FELIX SANCHEZ: My pleasure.
MARTIN: Let's talk about some of the examples you highlighted in your post. Say, in the Costa Rica versus Uruguay match on Saturday, an announcer referred to a player as moreno, which translates to black or brown. Why was this offensive?
SANCHEZ: Well, you know, it shows that when the announcers were talking about the other players, they use their last names. And then when it came to an Afro-Costa Rican player, they used the color of his skin as a way to define him, and to also use another word that, you know, reflected their misunderstanding of his hairstyle, which was in dreads. And they used the word grena in referring to it. And it was gratuitous.
MARTIN: Which is messy hair. So it's like - it's like referring to the guy as, like, the black guy.
SANCHEZ: The black guy.
MARTIN: Oh, it's the black guy, or the guy with the hair, as opposed to his name...
MARTIN: Which they could certainly understand. What about some of the language referring to women? You didn't appreciate that either.

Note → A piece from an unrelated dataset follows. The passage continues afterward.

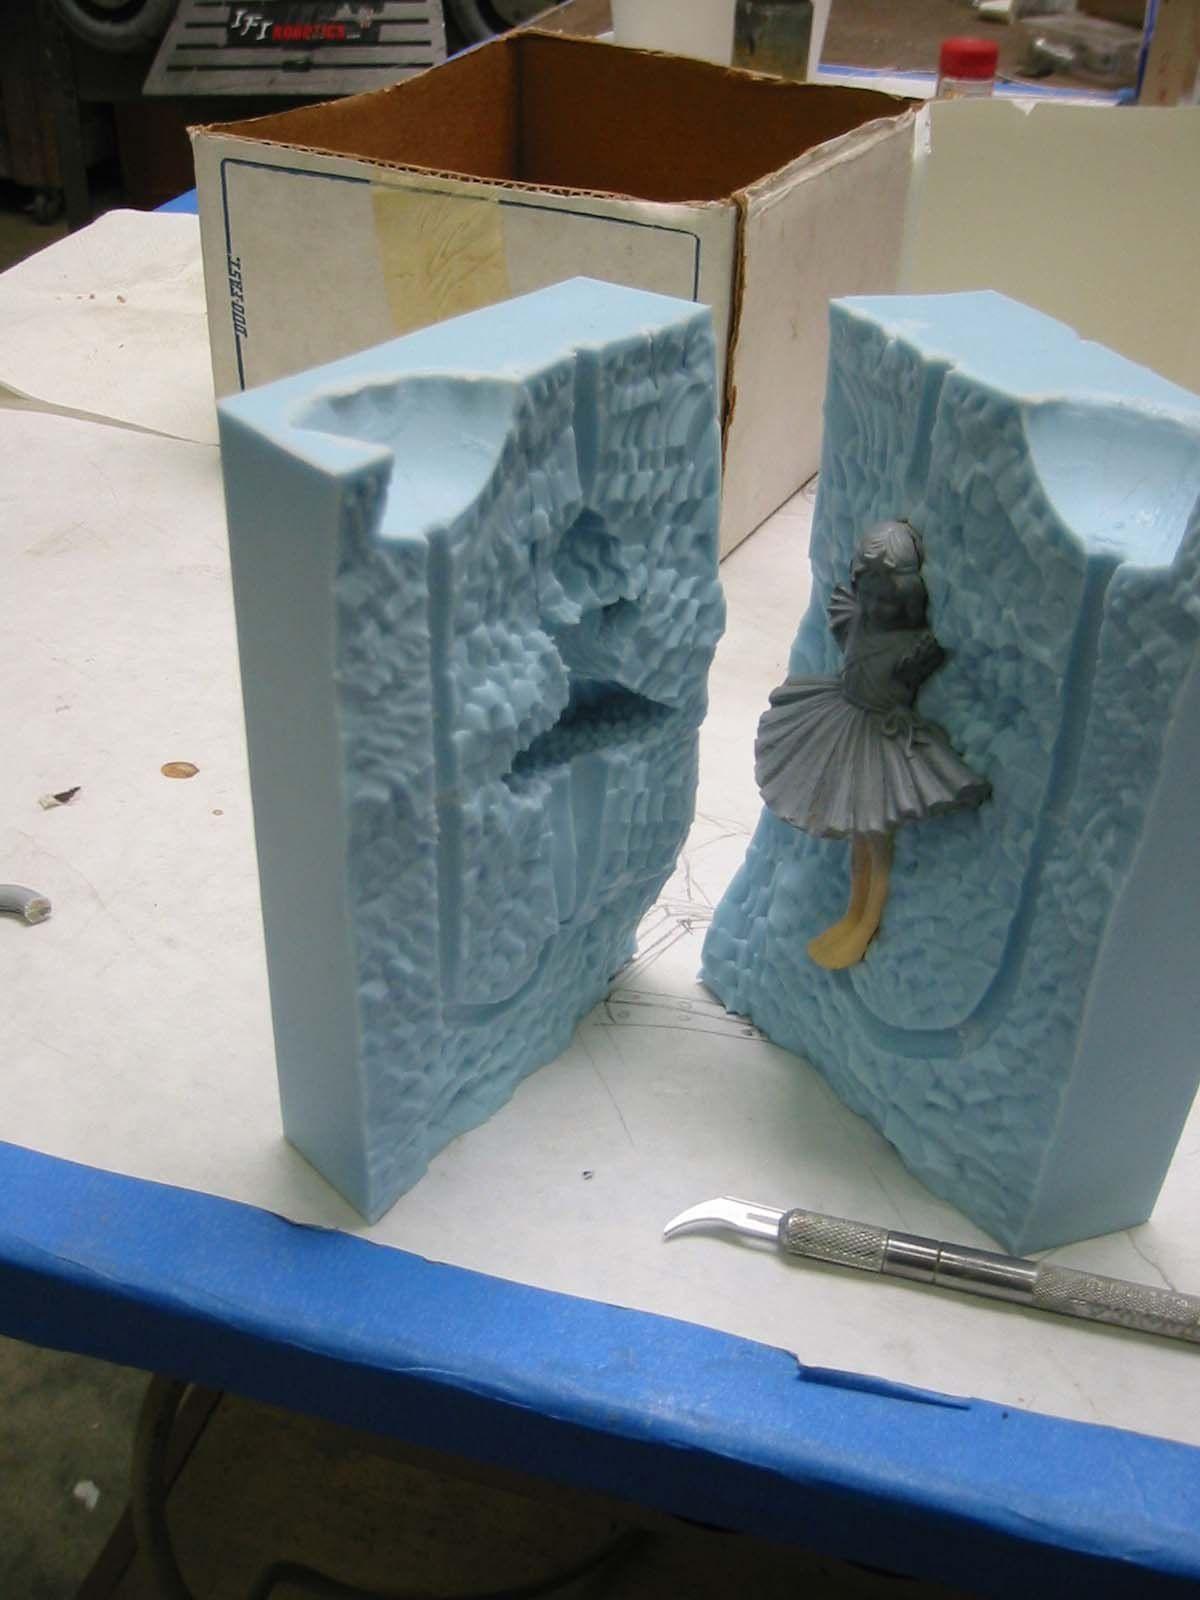 Primer — Moldmaking | Stump | Diy molding, Plaster art, Diy silicone

SANCHEZ: They also, in panning the - you know, the audience, would say, you know, mira las chulas. And, you know, it has a very kind of earthy, sexualized, you know, context to it. And I think that the concern - I mean, what happens, and the reason that we're having this conversation, is that when you have something like the World Cup occurring, the reason that Univision is winning ratings over ESPN is because many English-leaning Latinos go back to wanting to have a more authentic experience by watching the games on Univision. And then what happens is you see the - you see the lack of social progress that is exhibited by sportscasters. And again, it gives us an opportunity to make these changes. But I would...
MARTIN: Well, one of the things that's noteworthy, though, is- you also pointed this out in a subsequent post - is that you posted this. You are not the only person, but you might be the most - best well-known person, or a person who's sort of known as an activist. The president of Univision Sports actually called you during a high-profile match. Do you mind telling us about that conversation?
SANCHEZ: And there I give them total credit. And I also want to, you know, put in context that this doesn't rise to a level of a Donald Sterling kind of commentary. It's - but there's a sensitivity that they understand is missing. And I got a phone call from the president of Univision Sports, from Brazil, during the U.S. match. And it was really a very, very heartfelt, reaching out to basically say, look, we want to hear more about this. And we want to understand this. And we want to get our team to appreciate these differences.
MARTIN: Did he apologize? He didn't apologize. But he seemed to understand what you were saying? He wasn't defensive. He didn't say, what are you talking about?
SANCHEZ: No, no, no, no, no. What I appreciate is that they immediately saw an issue, and they wanted to address it. And they wanted to - they extended an invitation for me to come to Miami to visit with him and the team that was doing the presentations during the World Cup.
MARTIN: But this is after World Cup. What about during World Cup?
SANCHEZ: Well, I have a line - a direct line to them to express any other concerns that viewers might see or reflect...
MARTIN: What about the broadcasters themselves, or any of the announcers themselves? Had you heard from any of them? Did they seem to hear what you were saying?
SANCHEZ: Well, you know, the problem is that they are, you know, broadcasting almost, you know, 18 hours a day. And they are not really - the direct line to me was to speak to their boss. And if their boss is aware, I think they will hear about it as well.
MARTIN: What do you think this says? We have about a minute left. You know, it's interesting that, you know, the popular comedian and talk show host Ellen DeGeneres - you know, people were not pleased that she tweeted during the U.S.-Ghana match, she says, well, this gives me time to look up where Ghana is. Some people weren't pleased about that. What do you think that this says - the fact that you got a response so quickly? Do you think it's because you're you and because you have a previous record of activism? Or what - do you think it says something bigger than that?
SANCHEZ: Well, I think that clearly we have a relationship. And clearly they want to understand what the English language-leaning Latinos experience. But in contrast to what we raised in issues to Saturday Night Live and their lack of hiring a Latina cast member in 39 seasons - every major Latino organization wrote Lorne Michaels. We have yet to get an answer from them - far more severe as a kind of an issue. And yet, you're seeing that we have room to grow on both sides of this equation.
MARTIN: So people are listening. People are learning more about actually who is in their audience, right? Felix Sanchez is the co-founder of the National Hispanic Foundation for the Arts. He was nice enough to join us in Washington, D.C. studios. Keep us posted. Thanks so much for joining us.